Senin, 06 Maret 2023 21:52

Keji, Ibu Tiri Bunuh Anaknya hanya Karena Cemburu, Jasad Ditemukan Tanpa Kepala di Kolong Rumah Tetangga

Pedomanrakyat.com, Kalimantan Utara – Seorang ibu tiri bunuh anak suami di Kalimantan Utara dan membuangnya di kolong rumah tetangga. Jasadnya ditemukan tanpa kepala.

Ratusan warga yang tinggal di Pulau Bunyu, Kabupaten Nunukan, Kalimantan Utara, mendadak geger, lantaran ditemukan sesosok jasad tanpa kepala dari seorang anak laki-laki berusia 9 tahun, di bawah kolong rumah warga.

Dari hasil pemeriksaan polisi, jenazah itu ternyata adalah korban pembunuhan yang dilakukan oleh ibu tirinya sendiri.

Jenazah korban berinisial AS yang masih berusia 9 tahun itu, ditemukan oleh warga sekitar pada Minggu (5/3/2023) petang, di bawah kolong rumah warga di Desa Liang Bunyu, Pulau Bunyu, Kecamatan Sebatik Barat, Kabupaten Nunukan, Kalimantan utara.

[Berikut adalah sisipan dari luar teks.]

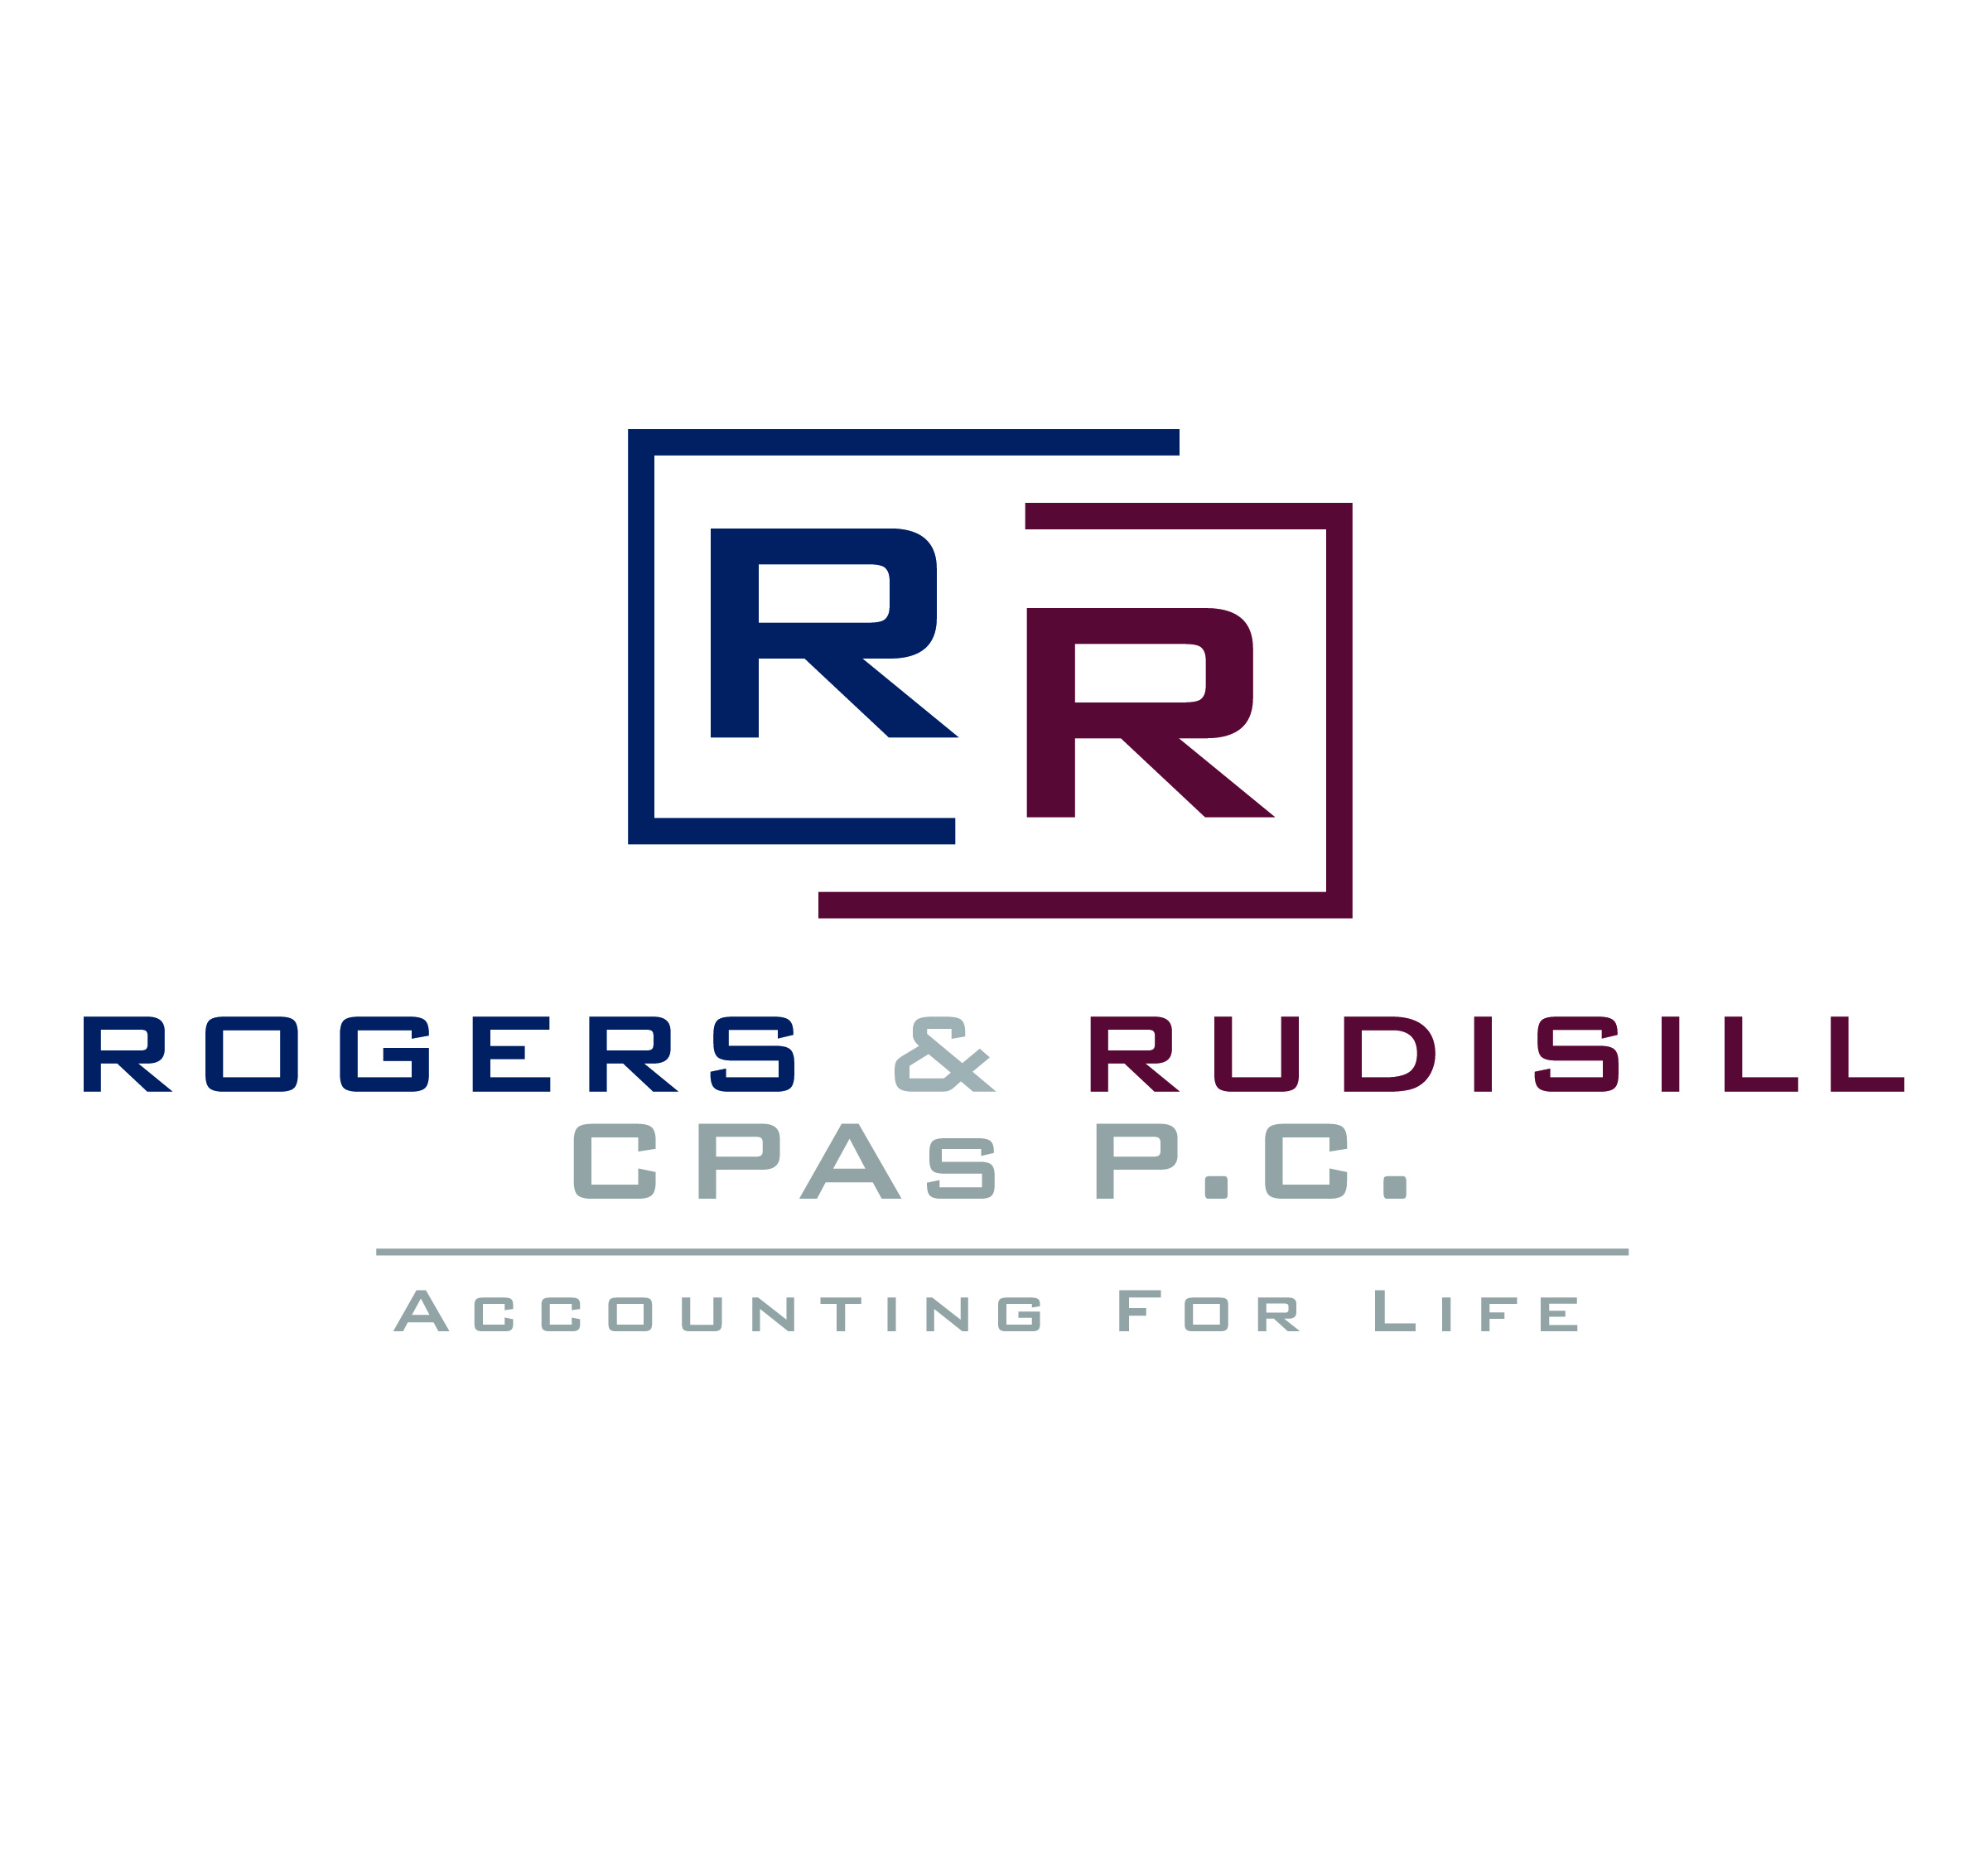 Rogers & Rudisill CPAs PC

Warga geger, lantaran saat ditemukan, kondisi korban dalam kondisi mengenaskan. Pasalnya, selain dalam kondisi nyaris membusuk, jenazah korban juga ditemukan dalam kondisi tanpa kepala.

Setelah dilakukan upaya pencarian, polisi dan warga sekitar akhirnya berhasil menemukan kepala korban tak jauh dari lokasi penemuan jenazah korban.

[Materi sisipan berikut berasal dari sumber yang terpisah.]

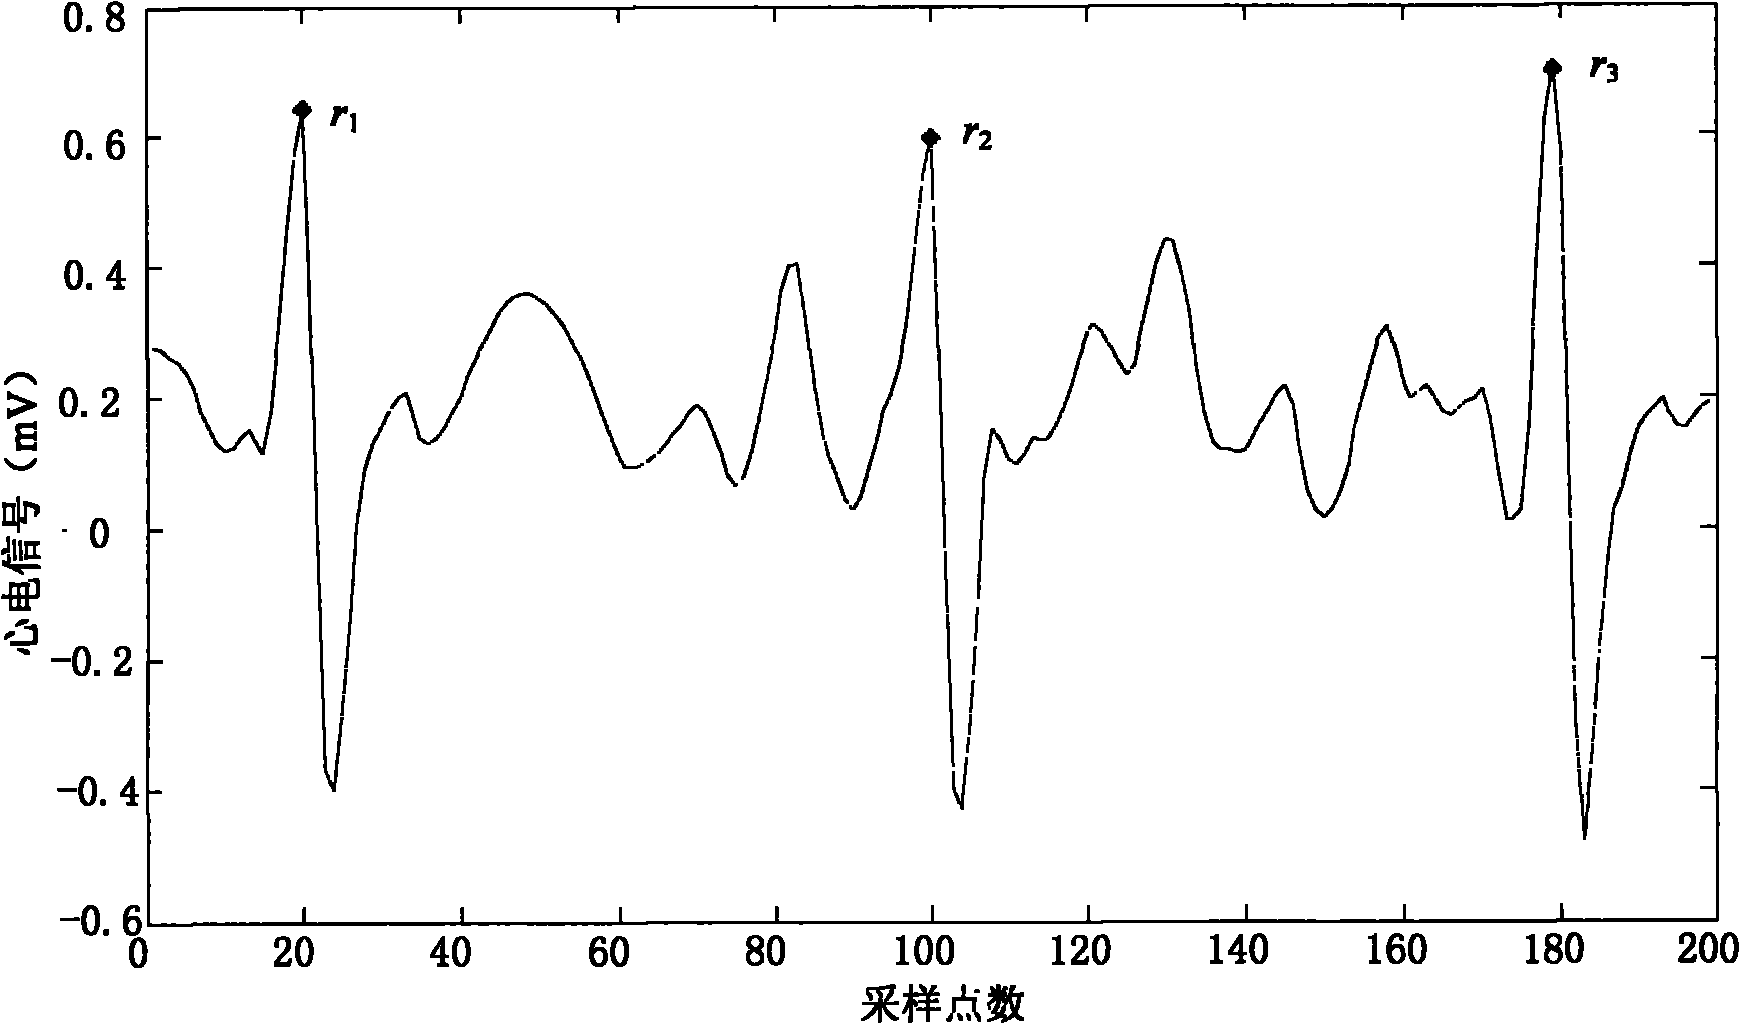 Method for detecting R wave crest of electrocardiosignal

Dari hasil pemeriksaan saksi-saksi dan ayah korban, polisi akhirnya menangkap Ibu tiri korban berinisial MR (35), yang diduga kuat sebagai pelaku yang nekat menghabisi nyawa korban.

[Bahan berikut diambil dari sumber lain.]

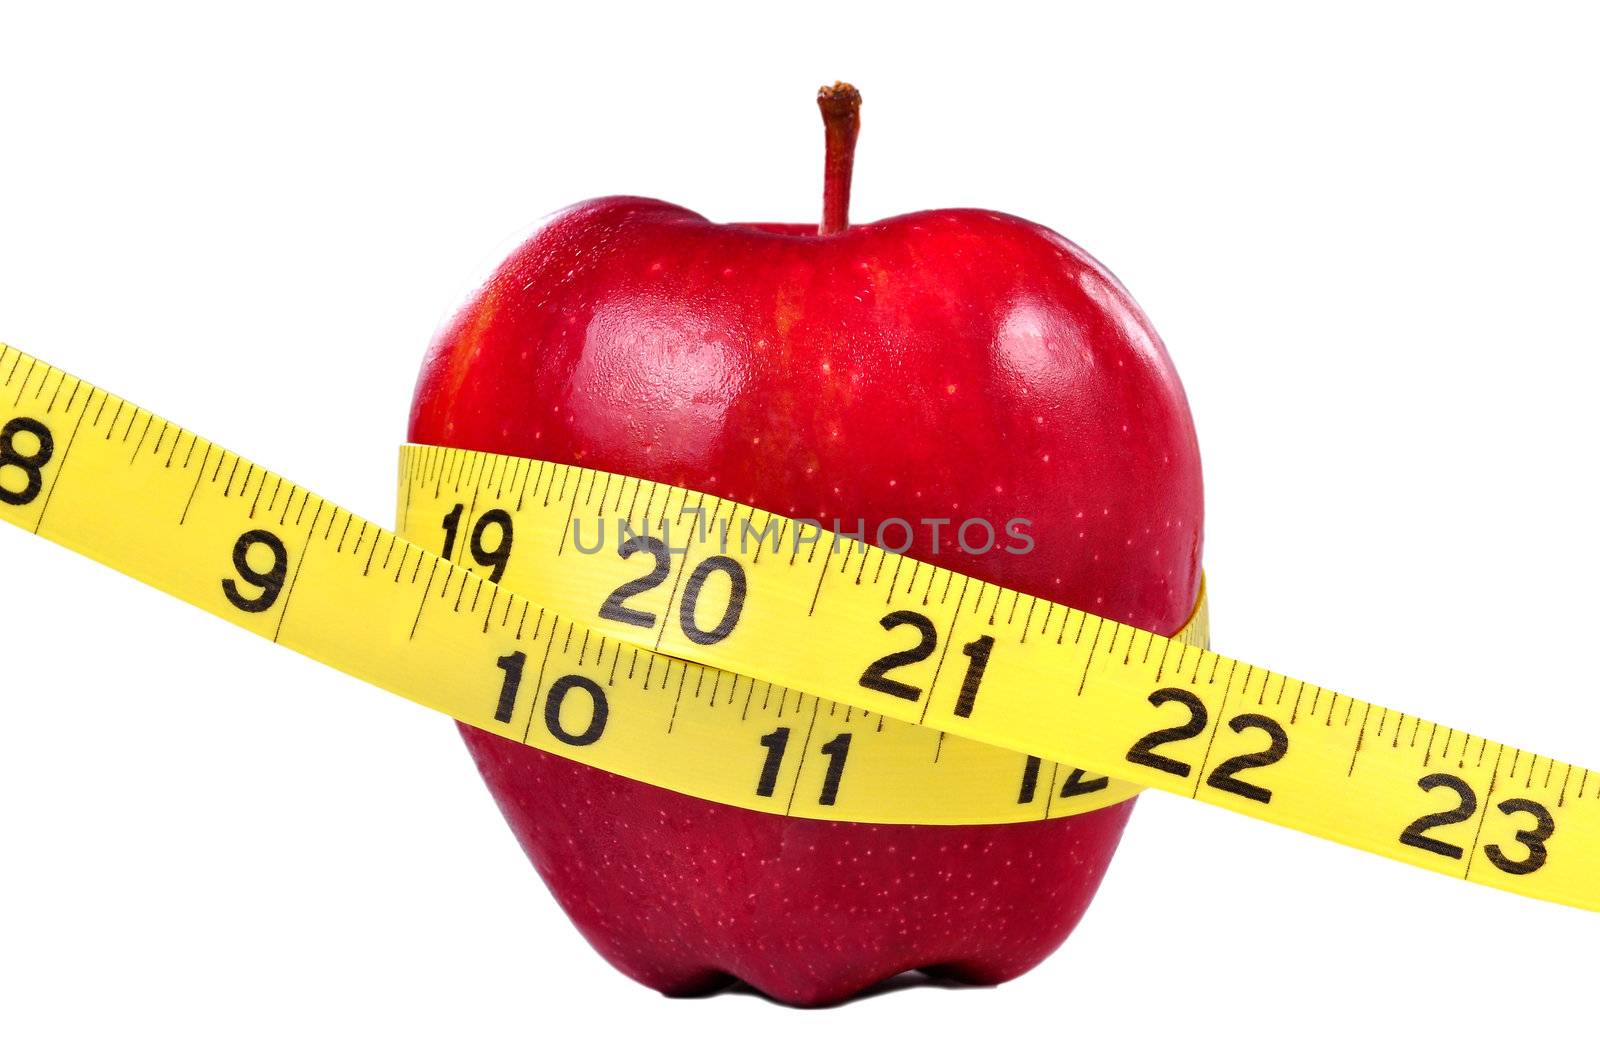 Red apple and yellow measuring tape to symbolize an healthy diet and body weight control.

Dari hasil pemeriksaan sementara, MR yang kini resmi ditetapkan sebagai tersangka itu, nekat menghabisi nyawa korban lantaran dipicu oleh faktor cemburu.

Pasalnya, selama menikah dengan ayah korban, tersangka MR merasa suaminya lebih menyayangi anak tirinya itu, daripada dirinya.

Wakapolres Nunukan, Kompol William Sitorus mengatakan selain dipicu faktor cemburu, tersangka MR juga kesal dengan korban yang kerap melawan saat ditegurnya.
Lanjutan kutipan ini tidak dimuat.